Pulse

Regulation / Jun 27, 2026 / 5 min

Washington Runs Frontier AI by Guest List, Not Law

In the same June fortnight that Commerce killed Anthropic's models via export law and the White House vetted OpenAI's GPT-5.6 customer by customer, Brad Carson warned Washington is running an ad hoc, opaque, possibly lawless frontier-AI regime — with no formal rules due until August.

Thesis America's frontier AI policy is not light-touch deregulation — it is improvised governance by guest list, where Commerce wields kill switches on one lab and the White House vets customers on another while the executive order promising a real framework won't deliver until August.

Washington is governing America's frontier AI through improvised kill switches and customer-by-customer guest lists — while the executive order that was supposed to build a real framework won't deliver one until August at the earliest.

What's new: In two weeks, the Trump administration intervened in both frontier labs' flagship releases — with different agencies, different legal tools, and no public rulebook.

  • On June 12, Commerce Secretary Howard Lutnick ordered Anthropic to disable Fable 5 and Mythos 5 worldwide under export-control authorities, per CNBC. Anthropic said it got 90 minutes to comply and received no specific details of the national security concern, per CNN.
  • On June 26, the White House's Office of the National Cyber Director and Office of Science and Technology Policy asked OpenAI to limit GPT-5.6 Sol, Terra, and Luna to roughly 20 government-vetted partners, per Axios.
  • That same Friday, Lutnick partially restored Mythos 5 — but only for roughly 100 organizations on a federal allow list. Fable 5 stays dark.

Why it matters: The interventions look coordinated. The governance is not.

  • President Trump signed Executive Order 14409 on June 2, calling for a voluntary 30-day pre-release framework and explicitly disclaiming "mandatory governmental licensing, preclearance, or permitting."
  • Agencies have 60 days — until early August — to design the classified benchmarking process that defines a "covered frontier model."
  • In the gap, frontier release runs on improvised clearance: export law for Anthropic, White House vetting for OpenAI, and no published standard for either.

What the labs said: Both complied. Neither endorsed the arrangement.

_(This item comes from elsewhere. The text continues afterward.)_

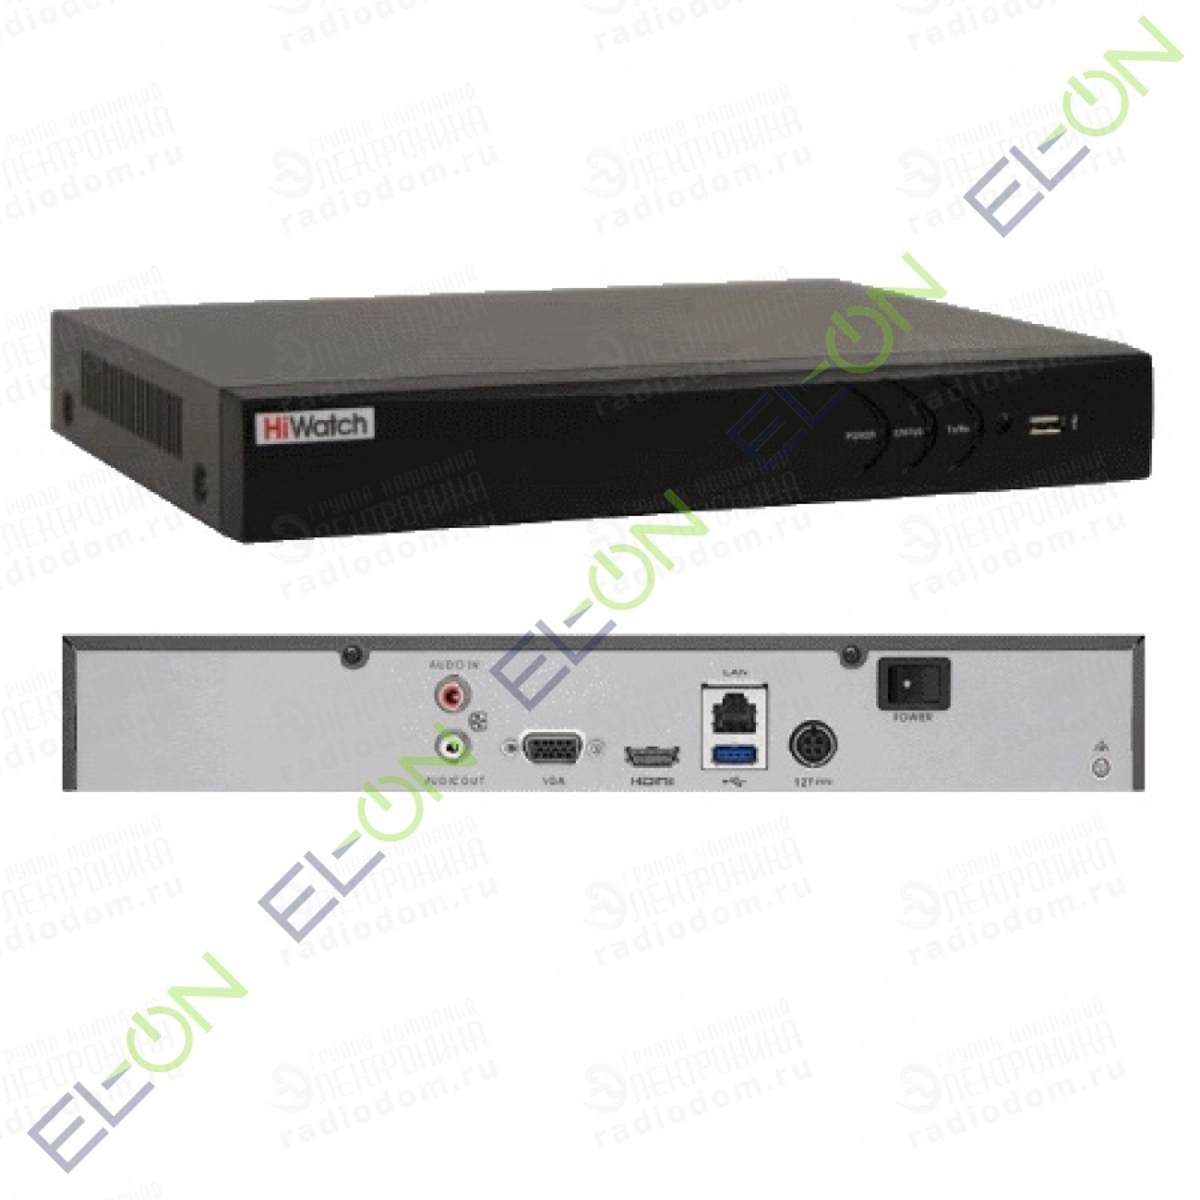 Видеорегистратор 16 ти канальный. HIWATCH DS-n316(с). DS-n316(c) IP-видеорегистратор HIWATCH. DS-n316/2. DS-n308(b).

  • OpenAI wrote in its launch post: "We don't believe this kind of government access process should become the long-term default. It keeps the best tools from users, developers, enterprises, cyber defenders, and global partners who need them."
  • CEO Sam Altman told staff Washington would approve access "customer by customer" during preview, per Axios. His memo: "We've made clear to the U.S. government that this is not our preferred long term model."
  • Former White House AI adviser Dean Ball — soon joining OpenAI — told TechCrunch the June 2 order has created a "de facto involuntary licensing regime" when paired with undefined safety standards.

What the critics said: Even safety advocates think this is broken.

  • Brad Carson, head of the bipartisan pro-AI-safety super PAC Public First, told CNN: "Right now, you have an ad hoc, personalized, opaque, possibly lawless approach."
  • Jessica Tillipman, George Washington University associate dean for government procurement law, wrote: "What is striking is the absence of any meaningful process." She warned an administration governing this way "will not avoid the heavy regulation it fears" — per CNN and her essay.
  • Just Security notes Commerce has never before applied export controls to a live commercial AI model — and has not published the Anthropic directive, the legal basis, or remediation steps.

The structural mess: Three problems stack on top of each other.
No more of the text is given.